Thursday, April 18, 2024

OP-ED | 17-02-2024 06:14

The summer of our discontent

There is every reason to fear a vicious circle of devaluation and inflation continuing.

President Javier Milei constantly comes across as a walking quotation of those famous Walt Whitman lines: “Do I contradict myself? Very well then, I contradict myself/I am large, I contain multitudes,” not least in his warm encounter with the previously reviled Pope Francis in Rome earlier this week, and the January inflation of 20.6 percent announced on Saint Valentine’s Day would be a case in point – the love story between Milei and his multitudes celebrating another milestone in government eyes but a Saint Valentine Day’s massacre 95 years later for the millions living on shrinking wages, pensions and social welfare benefits.

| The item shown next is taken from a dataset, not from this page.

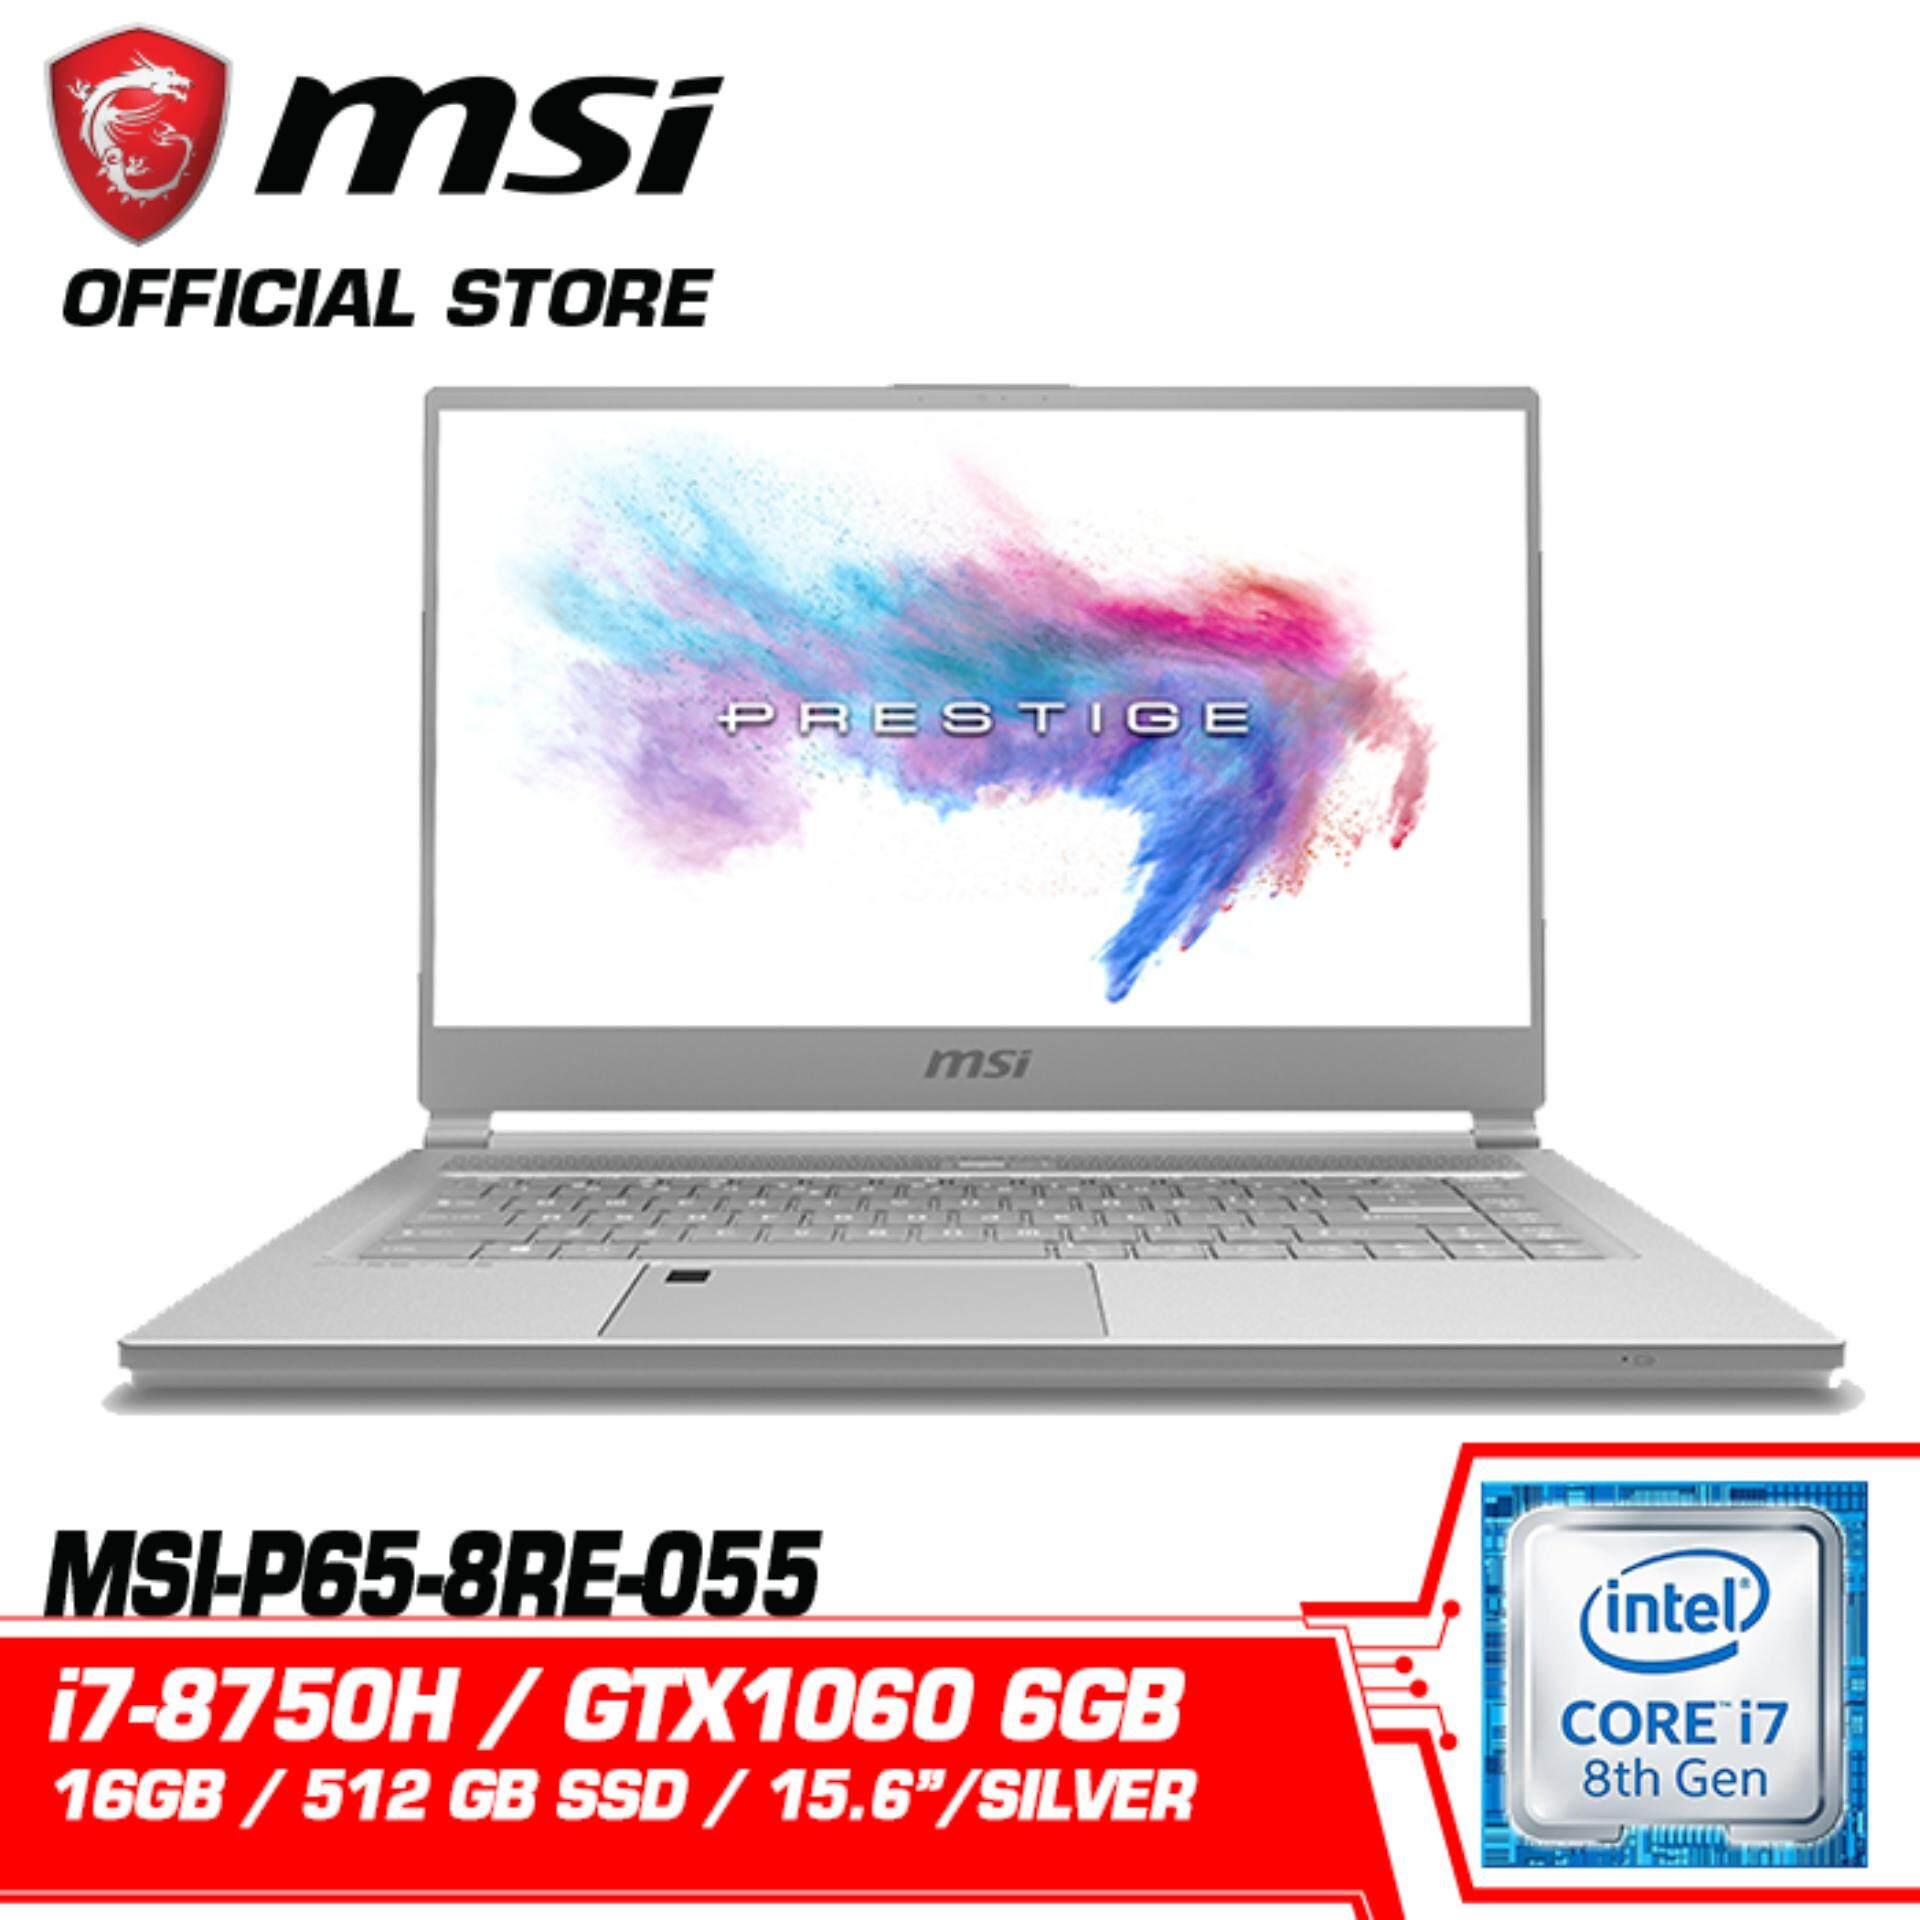 Prestige P65 8RE-055 (GTX1060 6GB GDDR5) Malaysia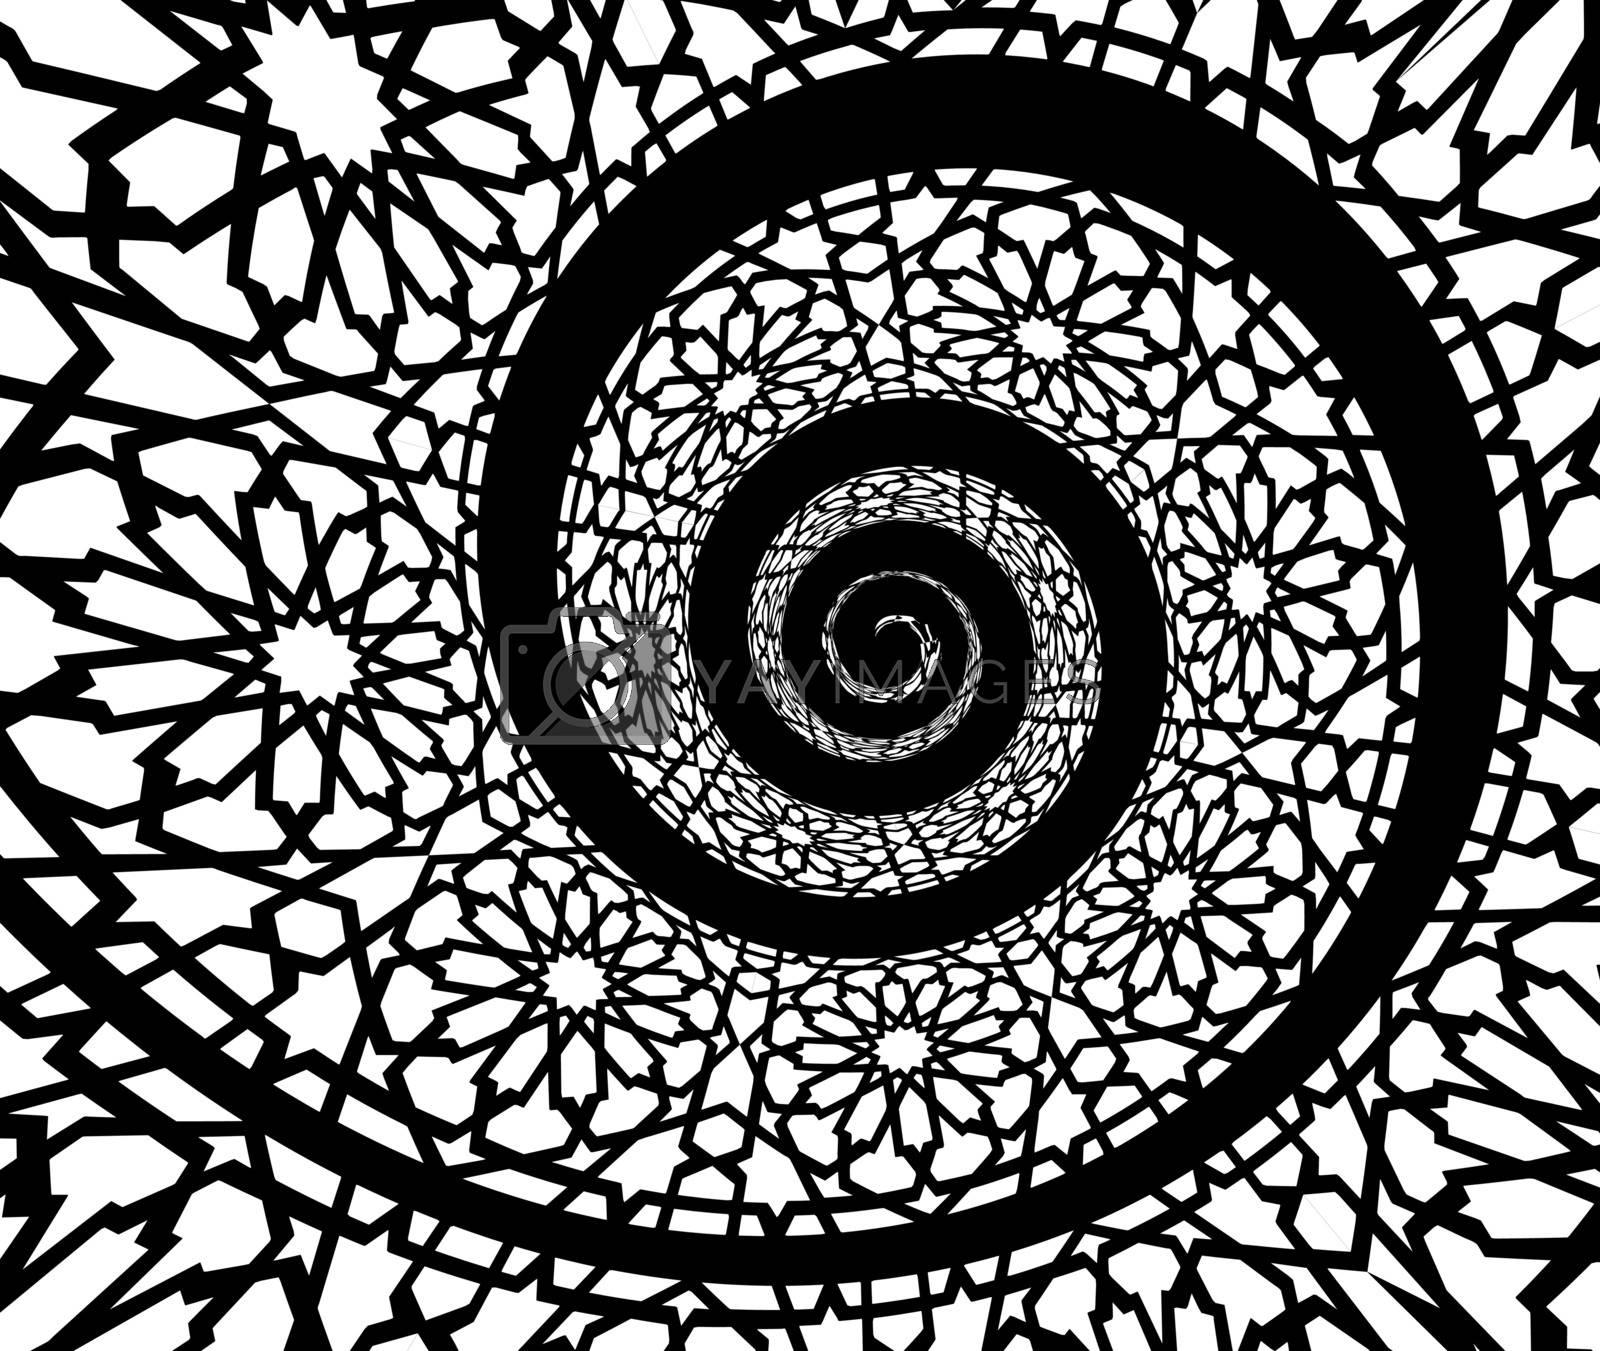 Islamic pattern, swirled in 3d spiral shape. Vector illustration

The worst inflation in three decades coinciding with two months in which the money supply has been frozen poses a supreme contradiction confounding orthodox economic theory but the paradox is more apparent than real. Monetary causes and their inflationary effects never overlap in real time – the January inflation clearly reflects the maxi-devaluation of the previous month, accompanied by the lid being taken off prices frozen for months or even years by a new government bent on not wasting any time of its honeymoon. The euphoria of some government supporters over last month’s inflation might seem incomprehensible to millions of wage-earners, pensioners and social welfare beneficiaries and to the inland provinces which mostly voted for Milei in far greater numbers than the metropolis last year, but it has grounds beyond being five percent lower than the December figure – the biggest percentages were for services like transport and communications (mobile telephones, lnternet, etc.), not food and beverages, thus permitting optimism that updating these regulated services might be a one-off factor like devaluation rather than a chronic problem.

Nevertheless, even accepting this logic leaves no room for complacency. The government cannot be so sure of devaluation being a one-off factor because there is a mismatch between fiscal and monetary policy similar to the imbalance which doomed the 2015-2019 Mauricio Macri administration with shock on the one front and gradualism on the other. Not much of the latter in the virulent Javier Milei style except for the crawling peg of a monthly two percent devaluation stubbornly maintained by the Central Bank, which is totally out of sync with inflation. There is thus every reason to fear a vicious circle of devaluation and inflation continuing.

Nor can there be any complacency with the zero fiscal deficit achieved for January at all odds with its inflation figure. This deficit is the result of methods which are socially and politically unsustainable. Without going to Milei’s extremes, both the main economy ministers of the Alberto Fernández administration were able to achieve fiscal progress (or at least stop the rot) by allowing inflation to do their work for them, swelling revenues in nominal terms while shrinking spending in real terms – in this sense Economy Minister Luis Caputo has not invented any magic new method but merely accelerated the old with no art or science about it. Recession might tame inflation but there will be no growth without the infrastructure whose ministry the government has just abolished. Real wages, state employee pay and especially pensions are being squeezed beyond endurance – the latter are hopelessly adrift with all alternatives to the dysfunctional updating scheme inherited from the Alberto Fernández Presidency gridlocked in Congress while the ANSES social security administration in charge of retirement and welfare benefits has lost all direction now that its competent head Osvaldo Giordano has been blown away by a burst of spite from Milei against provincial governors frustrating his omnibus law.

There is every reason to fear a major socio-economic crisis with real wages torn to shreds without any income policy to plug the gap or any real communication effort to convince the citizenry of any promised land (which Milei has just visited but is not on anybody else’s horizon) and yet such a crisis is not inevitable. Whatever the legislative mishaps, Milei and Caputo have successfully placed their core issue of eliminating inflation by ending the fiscal deficit on the agenda and there is still a broad social consensus that this is the path, despite the hardships. Nor do they lack either the means or the will to move against the fiscal deficit, even after the Congress setbacks – the discretionary basis of federal payments to the provinces installed by Kirchnerism to maximise their control makes it easier to turn off that tap, for example.

Yet it remains a tightrope inviting pushback – Newton’s third law of action and reaction being equal and opposite applies here too.